Records from a dataset
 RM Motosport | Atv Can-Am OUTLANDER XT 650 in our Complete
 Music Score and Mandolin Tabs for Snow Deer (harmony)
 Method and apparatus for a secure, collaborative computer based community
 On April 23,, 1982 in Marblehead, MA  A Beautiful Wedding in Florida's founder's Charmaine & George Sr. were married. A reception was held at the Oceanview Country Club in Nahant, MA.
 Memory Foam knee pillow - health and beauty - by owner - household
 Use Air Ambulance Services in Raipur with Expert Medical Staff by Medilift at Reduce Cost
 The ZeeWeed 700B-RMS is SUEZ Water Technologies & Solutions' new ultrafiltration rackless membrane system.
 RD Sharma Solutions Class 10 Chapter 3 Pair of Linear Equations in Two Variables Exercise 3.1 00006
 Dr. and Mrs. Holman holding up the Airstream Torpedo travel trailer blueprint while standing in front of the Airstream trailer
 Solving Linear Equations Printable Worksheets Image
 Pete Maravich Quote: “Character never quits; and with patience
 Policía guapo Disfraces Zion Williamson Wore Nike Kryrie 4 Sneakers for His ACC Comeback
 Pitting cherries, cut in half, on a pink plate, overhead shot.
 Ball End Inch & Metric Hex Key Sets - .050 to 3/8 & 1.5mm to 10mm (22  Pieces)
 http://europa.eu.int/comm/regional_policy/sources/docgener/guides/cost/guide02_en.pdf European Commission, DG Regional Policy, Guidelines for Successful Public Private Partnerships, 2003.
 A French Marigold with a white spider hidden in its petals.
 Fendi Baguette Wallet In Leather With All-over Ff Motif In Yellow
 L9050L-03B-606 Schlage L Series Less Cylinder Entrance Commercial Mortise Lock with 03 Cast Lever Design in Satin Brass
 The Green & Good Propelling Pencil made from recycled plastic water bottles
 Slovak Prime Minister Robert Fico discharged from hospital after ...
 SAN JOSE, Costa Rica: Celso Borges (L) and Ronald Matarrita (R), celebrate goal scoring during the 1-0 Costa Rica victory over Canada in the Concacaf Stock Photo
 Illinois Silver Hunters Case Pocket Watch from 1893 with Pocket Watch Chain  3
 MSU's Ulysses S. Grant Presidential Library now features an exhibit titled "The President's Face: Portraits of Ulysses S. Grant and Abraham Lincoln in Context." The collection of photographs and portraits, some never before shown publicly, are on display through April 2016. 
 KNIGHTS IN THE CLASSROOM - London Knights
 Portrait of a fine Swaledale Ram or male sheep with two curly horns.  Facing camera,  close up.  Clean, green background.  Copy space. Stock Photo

WHAT NEEDS TO BE DONE:
One inclusive range is required: first line of the data through the line containing "Method and apparatus". Set it down exactly and output nothing else.

RESPONSE:
 RM Motosport | Atv Can-Am OUTLANDER XT 650 in our Complete
 Music Score and Mandolin Tabs for Snow Deer (harmony)
 Method and apparatus for a secure, collaborative computer based community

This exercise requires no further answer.